─── Task material ───

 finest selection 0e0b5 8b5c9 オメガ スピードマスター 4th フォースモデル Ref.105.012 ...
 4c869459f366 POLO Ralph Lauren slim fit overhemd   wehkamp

───
─── Task material ───

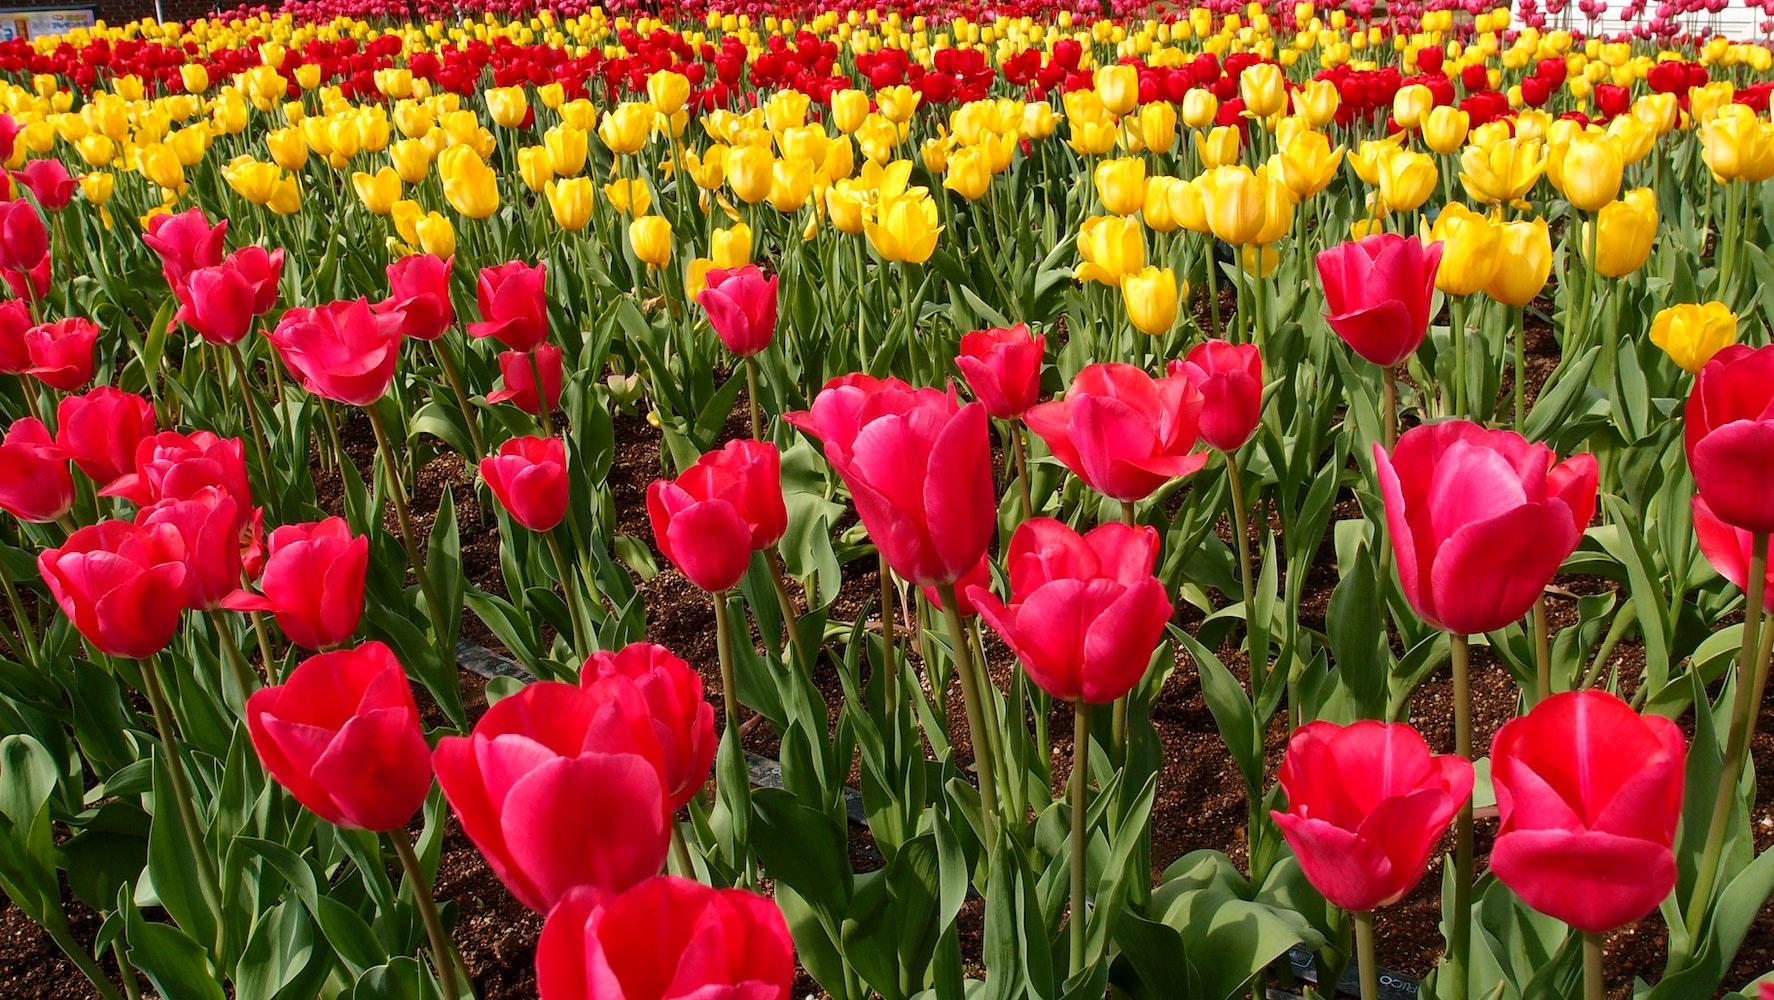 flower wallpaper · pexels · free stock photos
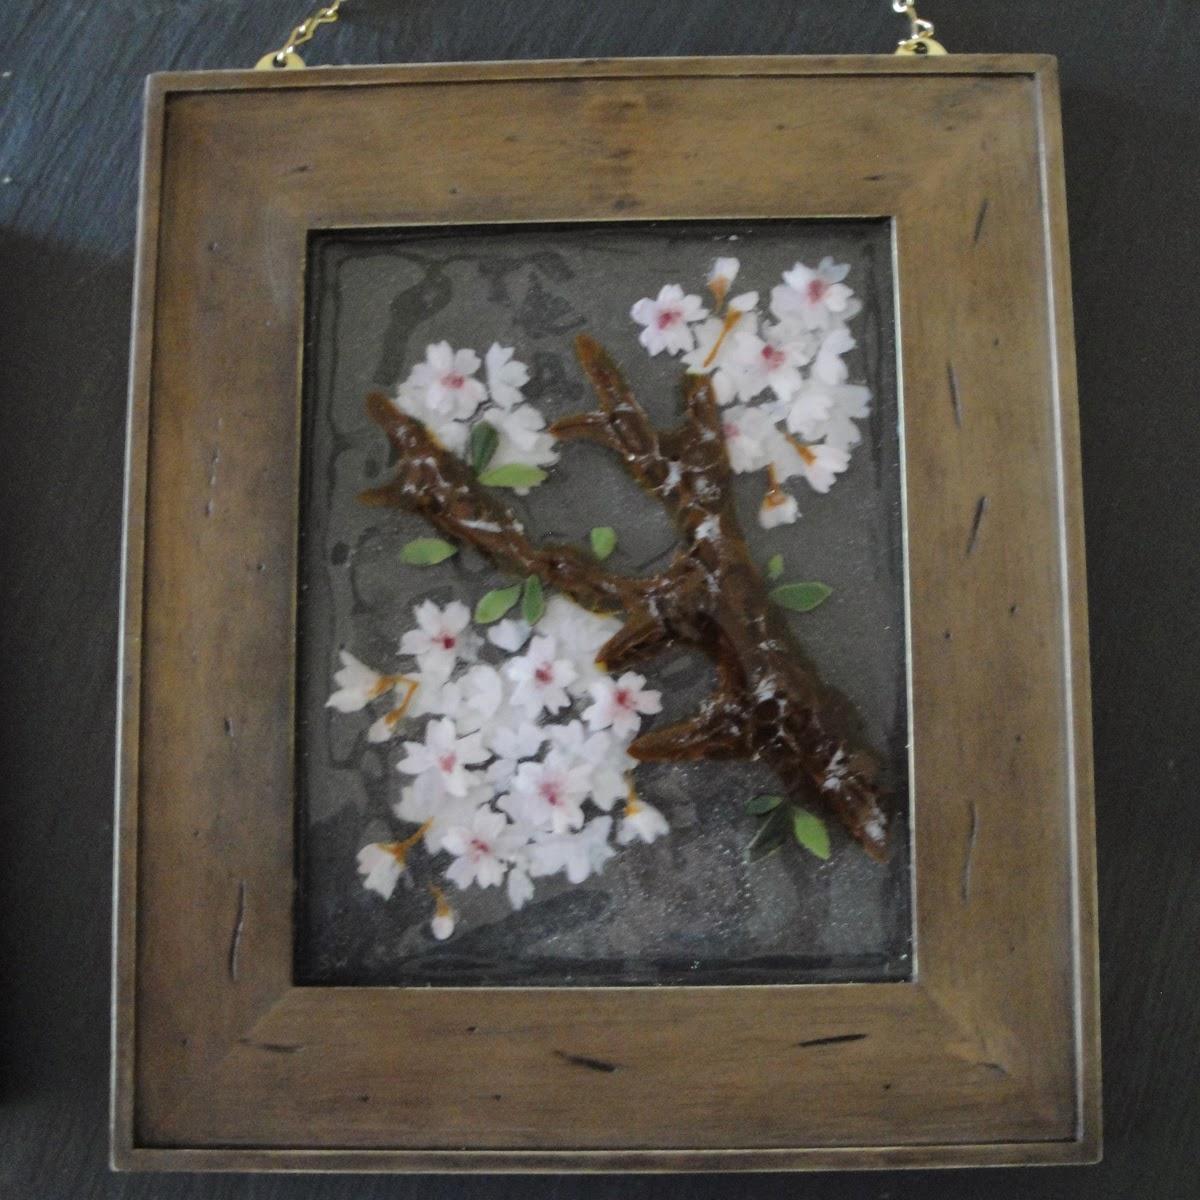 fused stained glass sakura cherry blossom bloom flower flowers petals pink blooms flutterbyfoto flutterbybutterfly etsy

───

__Task item__.
Set down only the lines above that fall between the line holding "finest selection 0e0b5" and the line holding "4c869459f366 POLO Ralph", inclusive, keeping each exact.

__Response to this task__.
 finest selection 0e0b5 8b5c9 オメガ スピードマスター 4th フォースモデル Ref.105.012 ...
 4c869459f366 POLO Ralph Lauren slim fit overhemd   wehkamp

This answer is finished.